EXERCISE DESCRIPTION » The whole listing is to be given again without alteration, except that its pictures are dropped.

SUPPLIED MATERIAL »
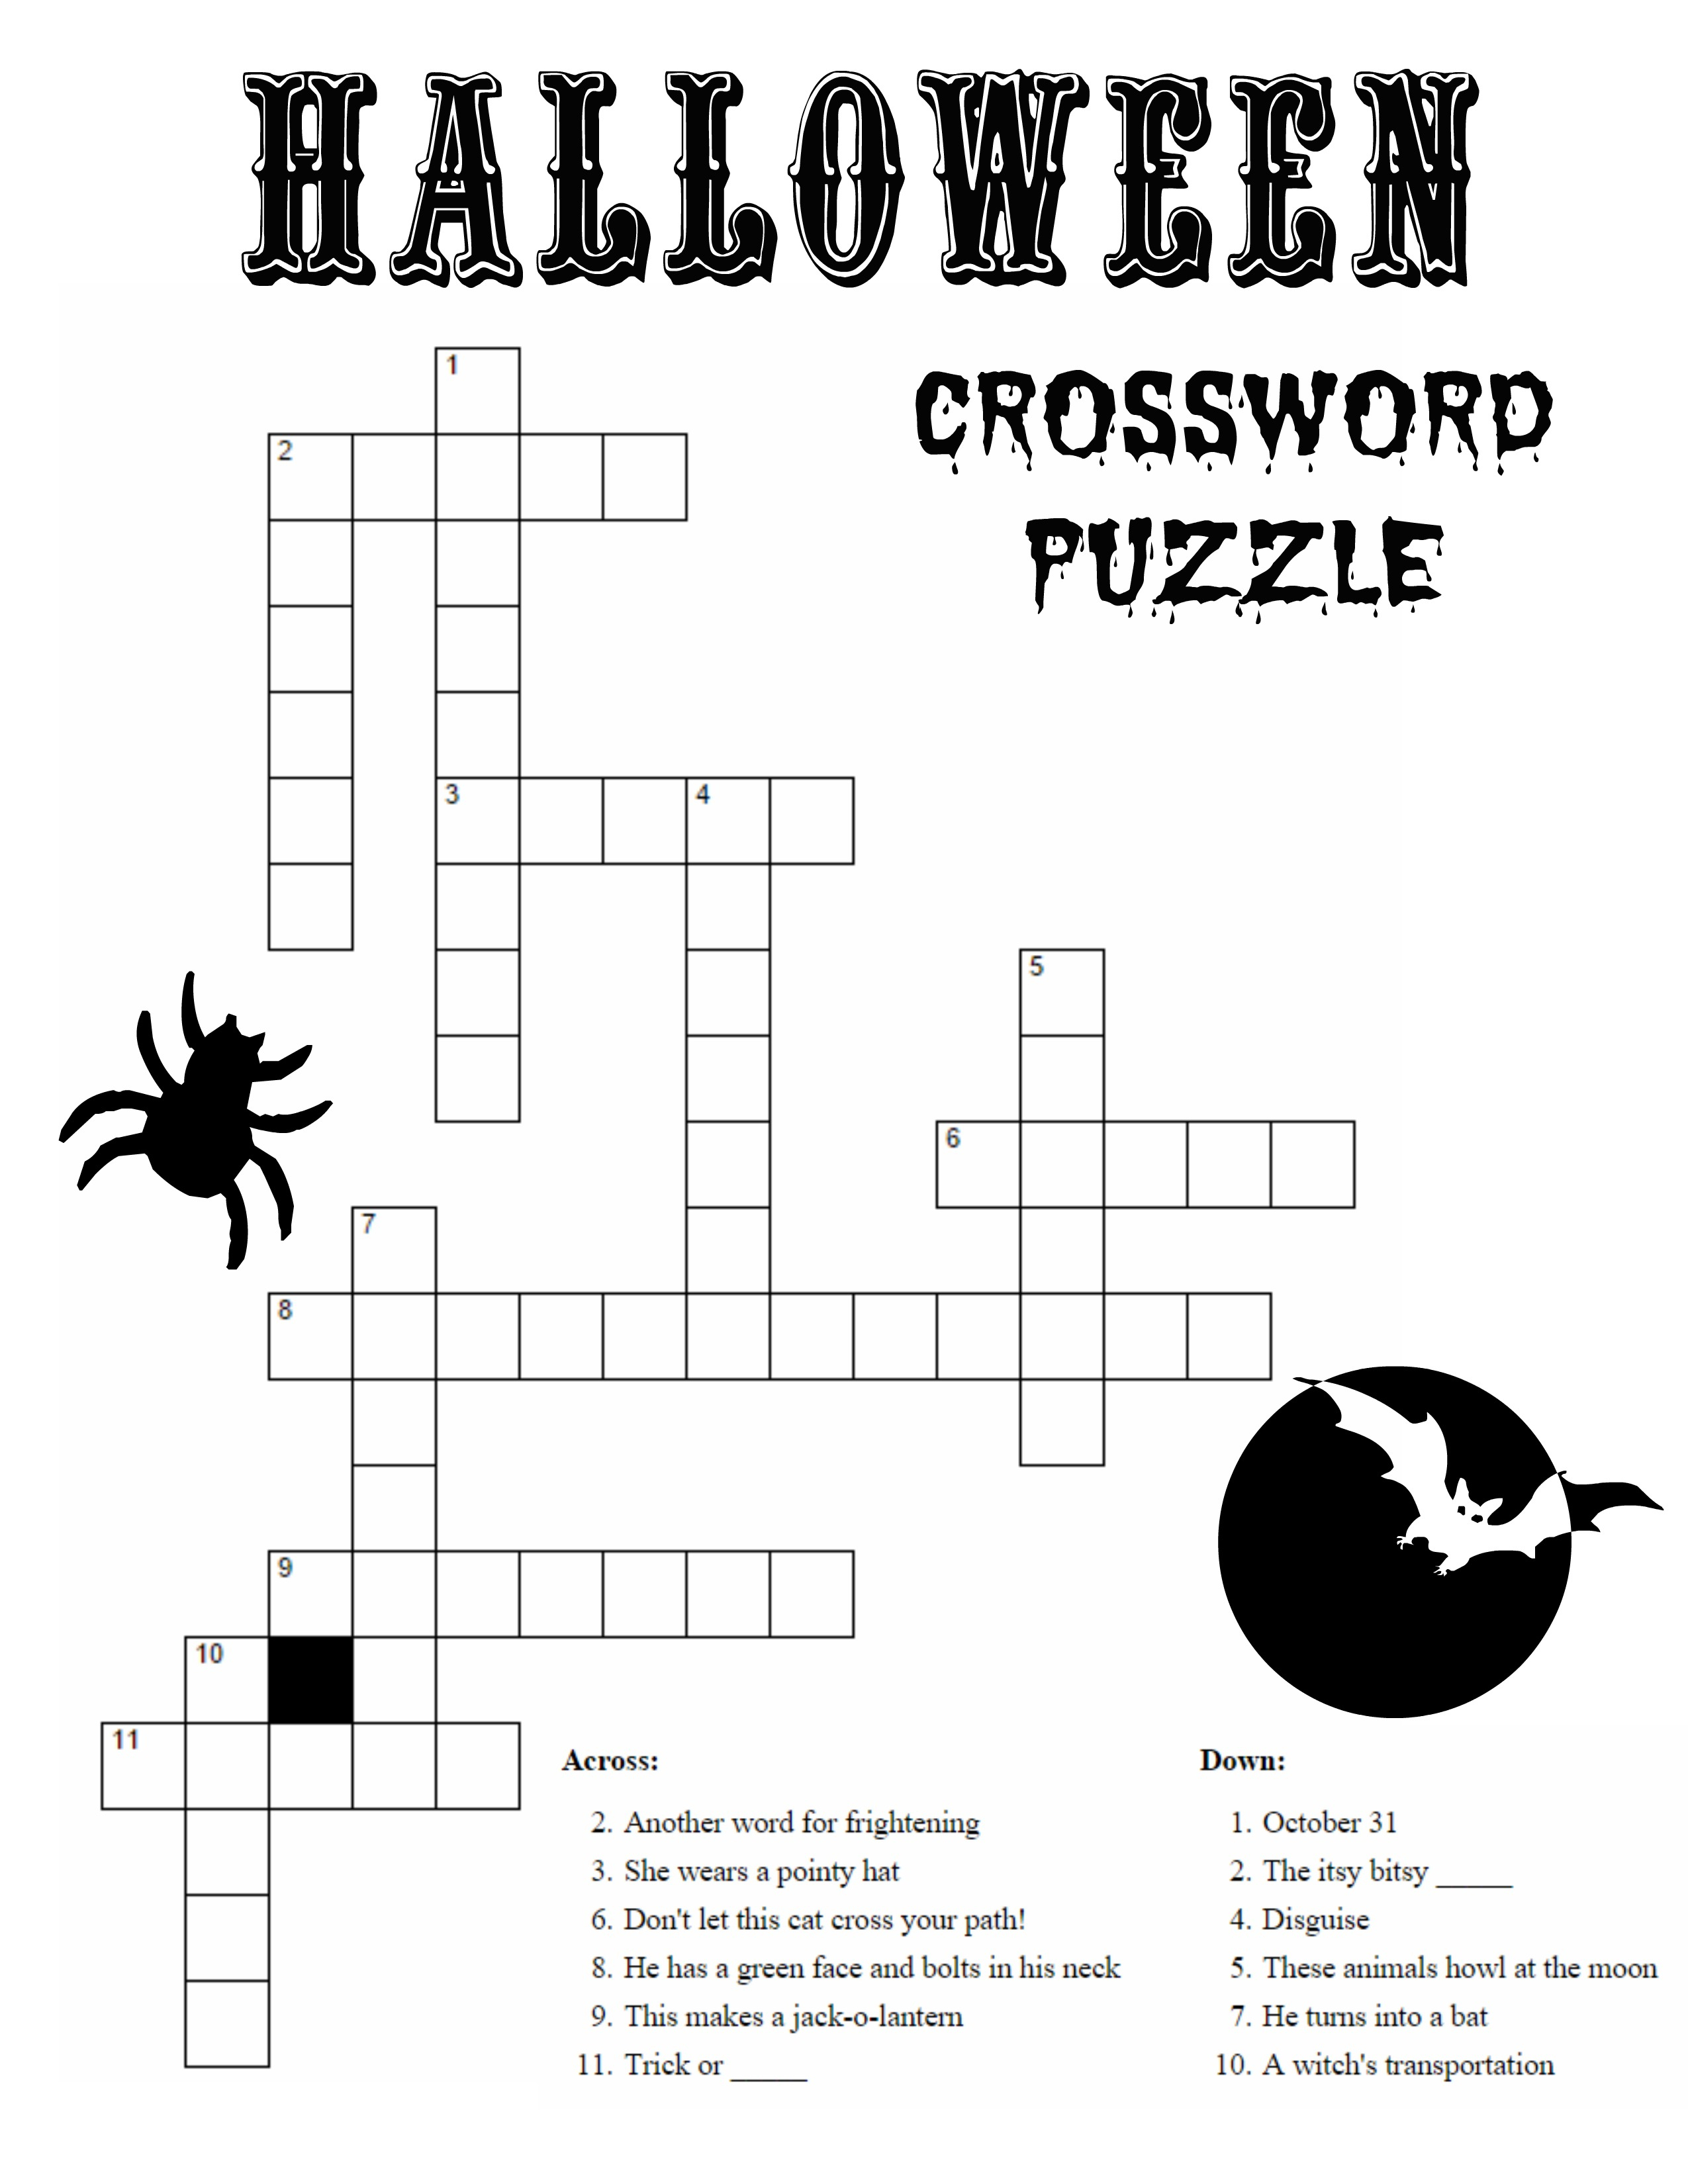 10 Best Photos Of Printable Halloween Word Puzzles - Halloween Word - Halloween Crossword Puzzles For Adults Printable
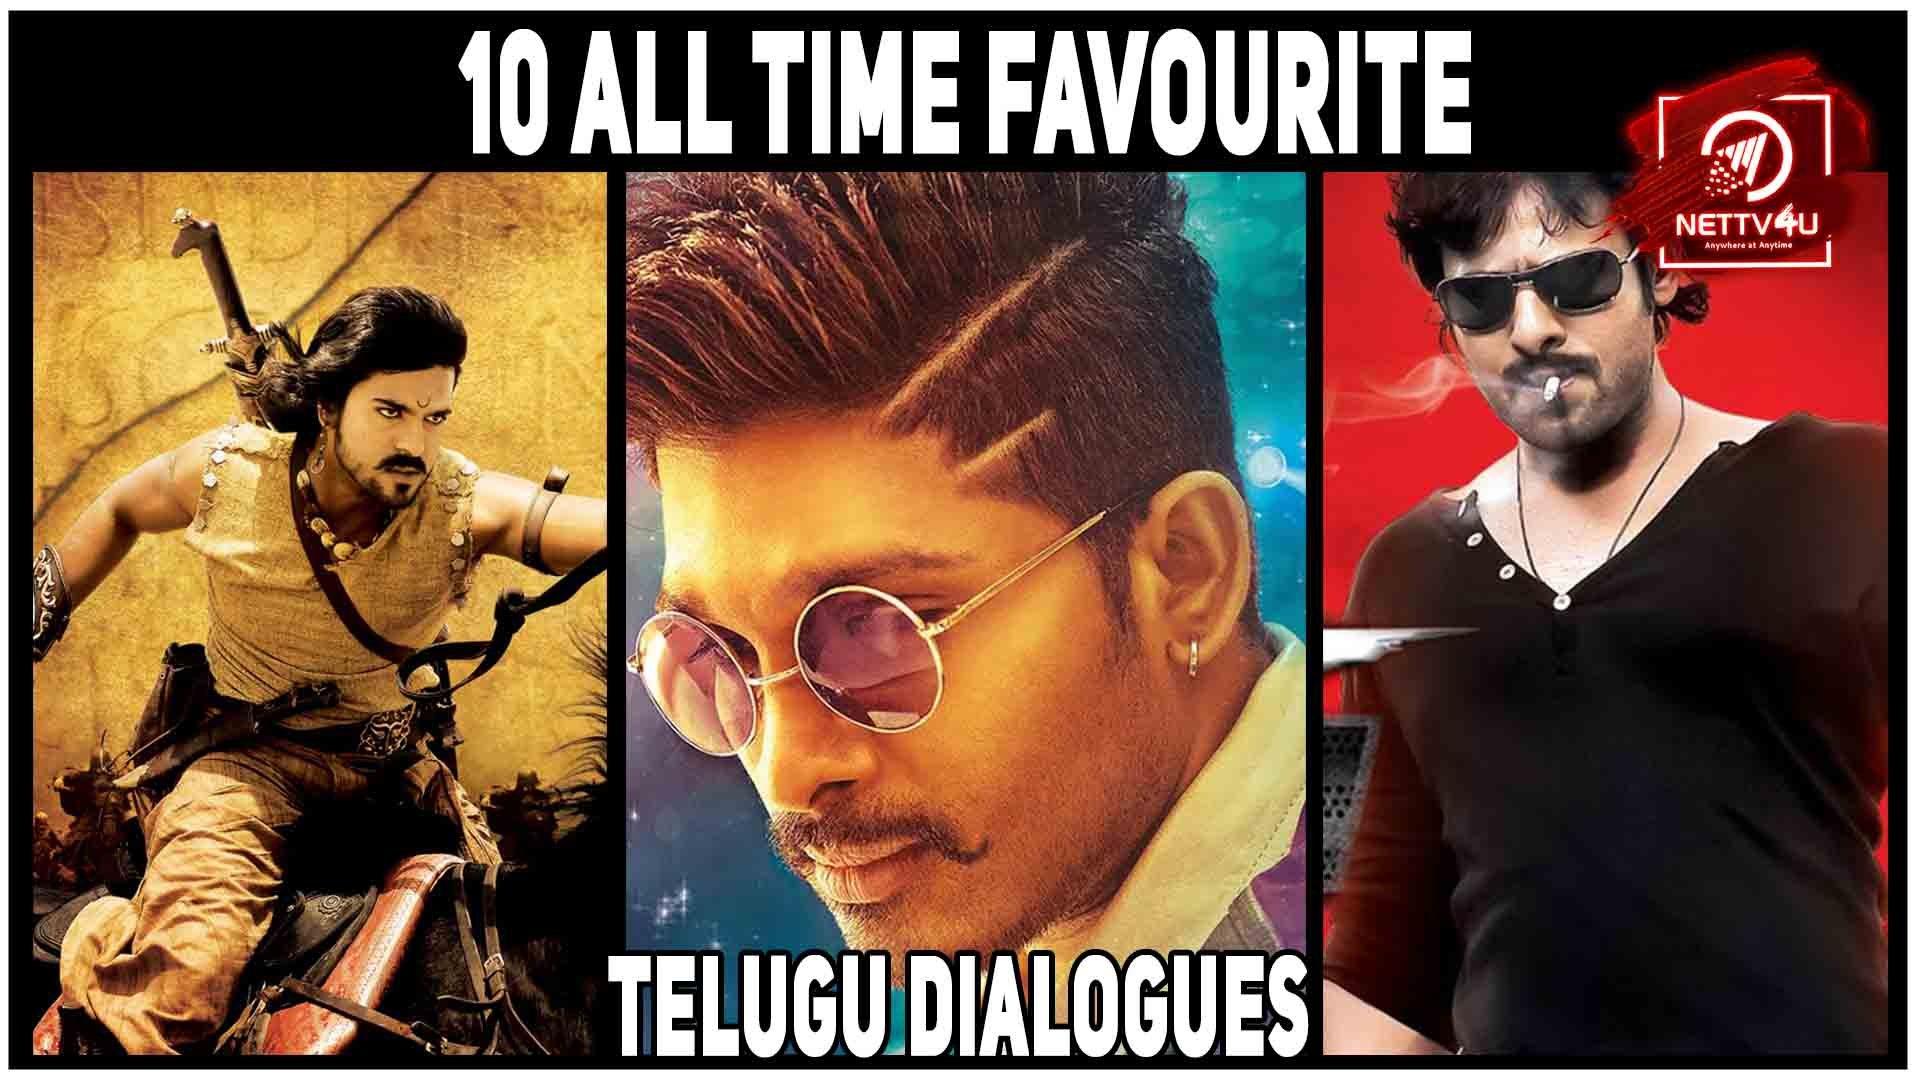 10 All Time Favourite Telugu Dialogues Latest Articles Nettv4u
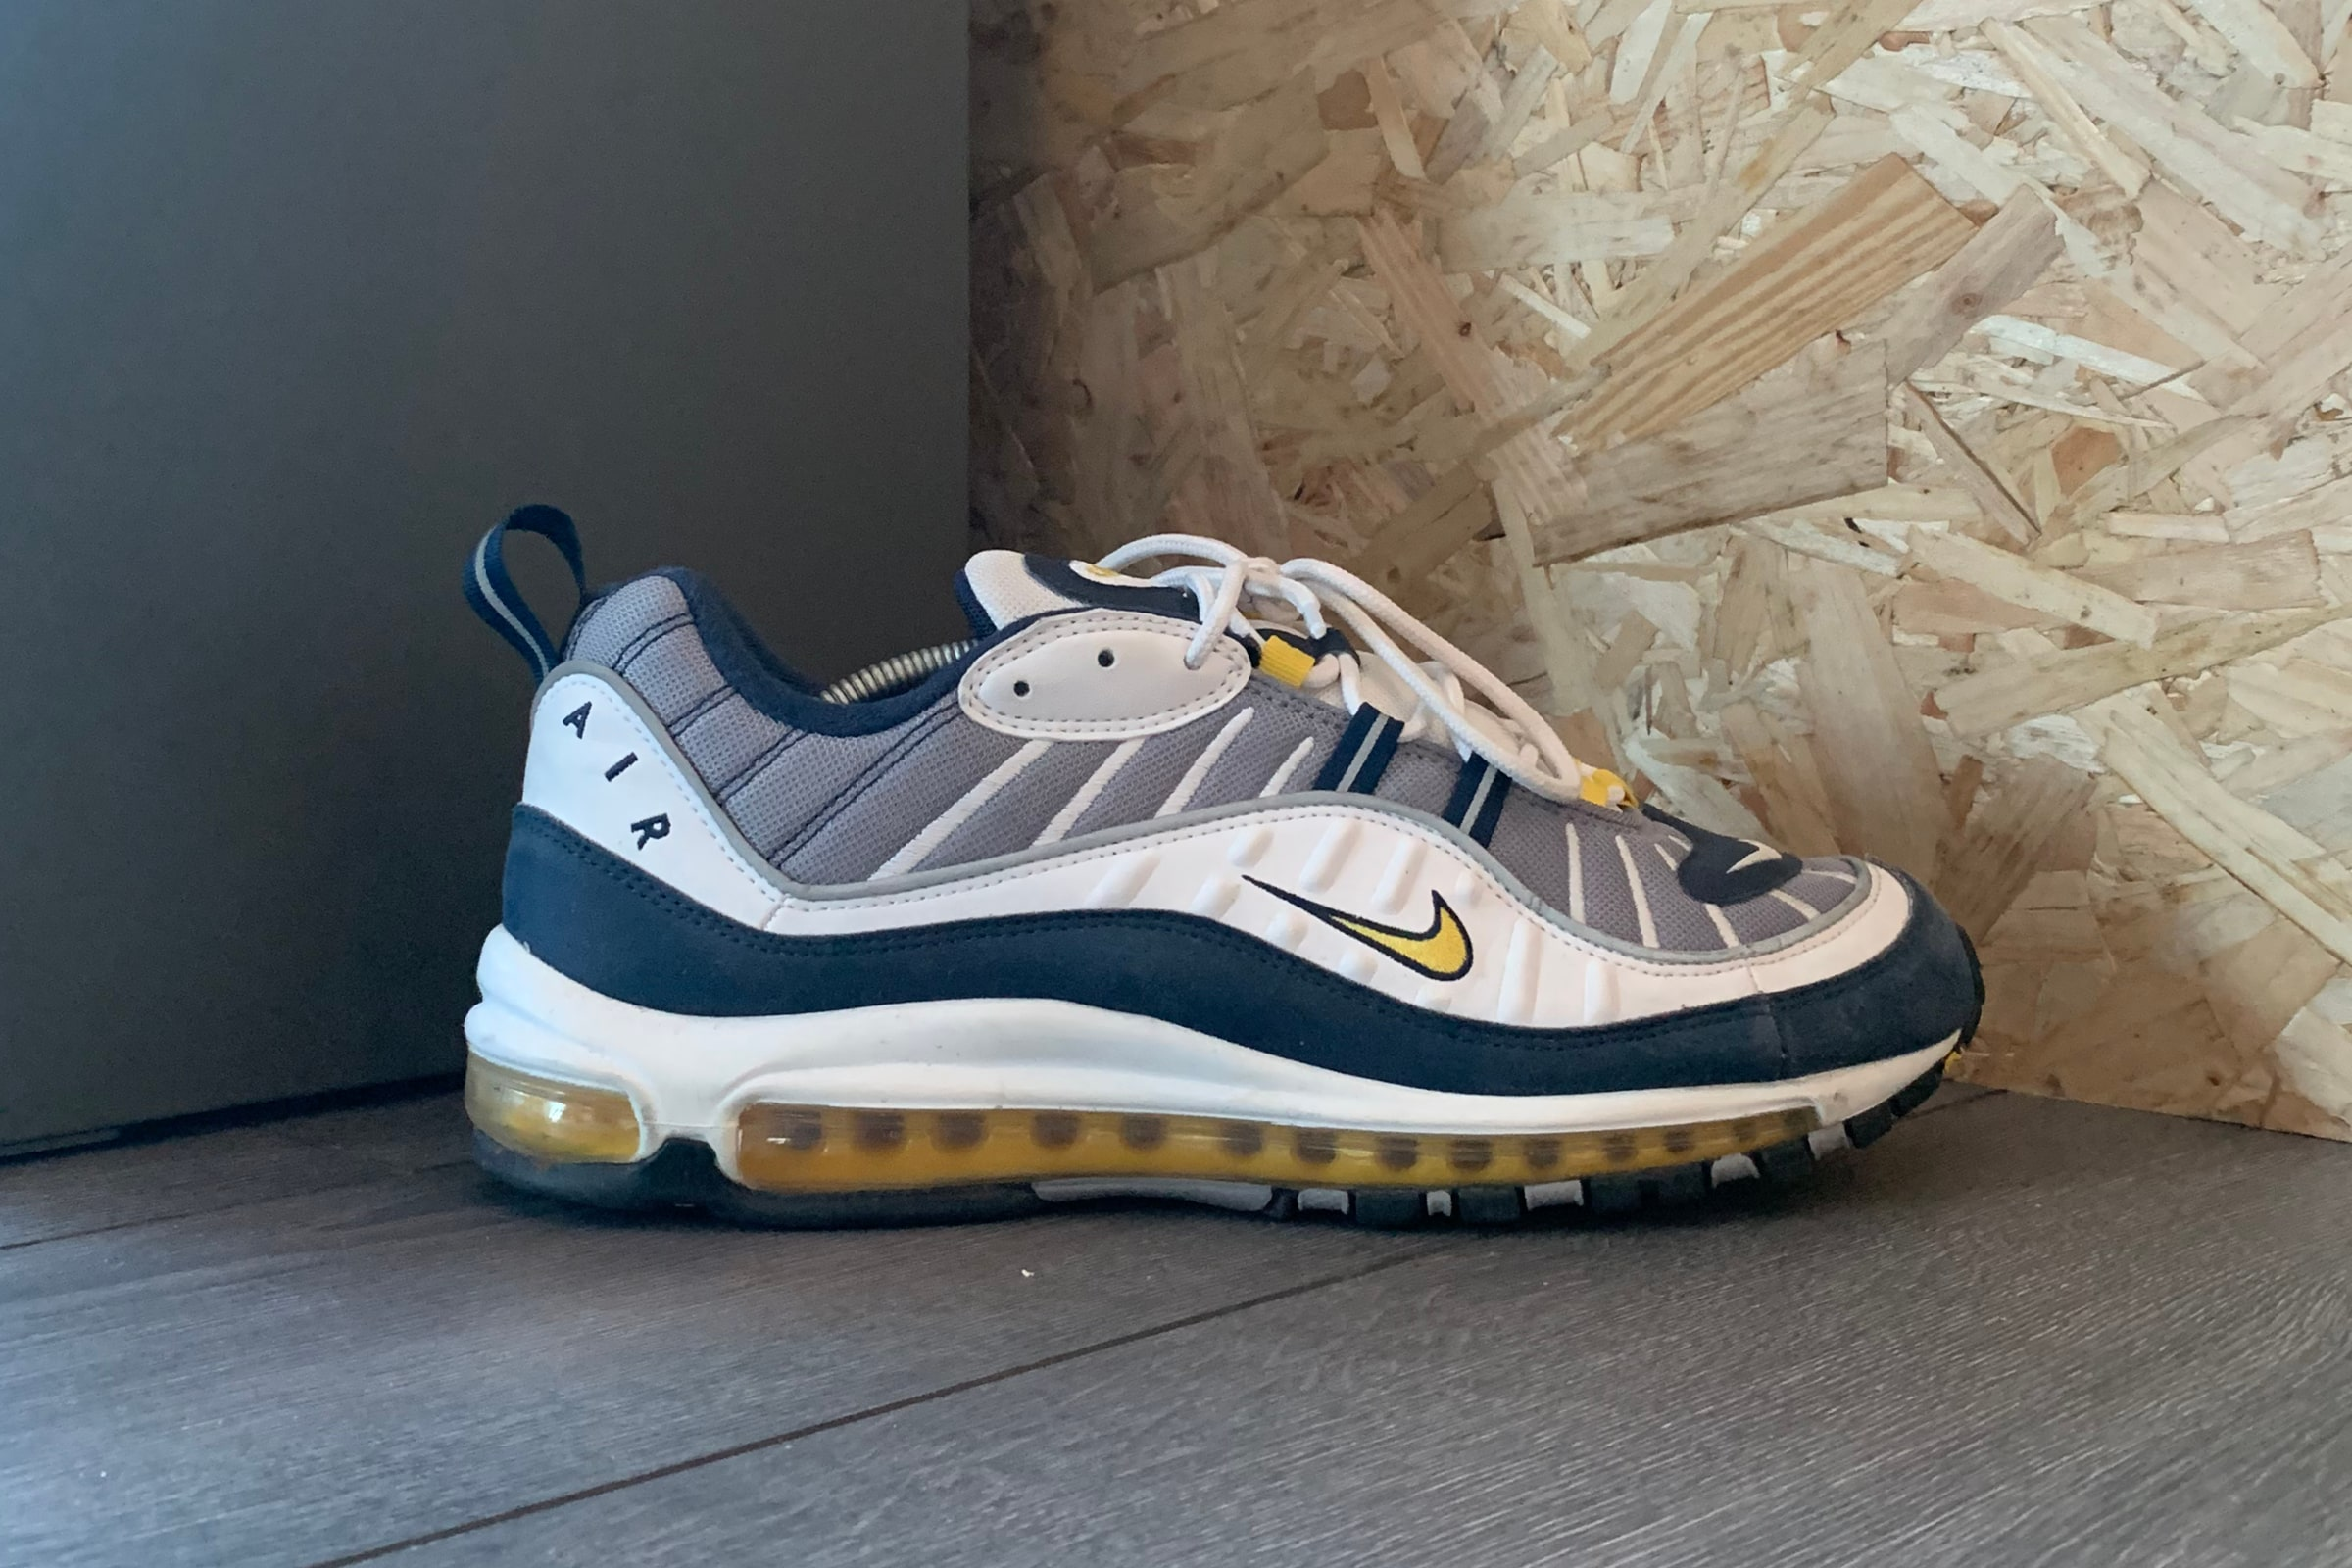 Nike Air Max 98 'Tour Yellow' - 2018

SOLUTION TO THE EXERCISE »
 10 Best Photos Of Printable Halloween Word Puzzles - Halloween Word - Halloween Crossword Puzzles For Adults Printable
 10 All Time Favourite Telugu Dialogues Latest Articles Nettv4u
 Nike Air Max 98 'Tour Yellow' - 2018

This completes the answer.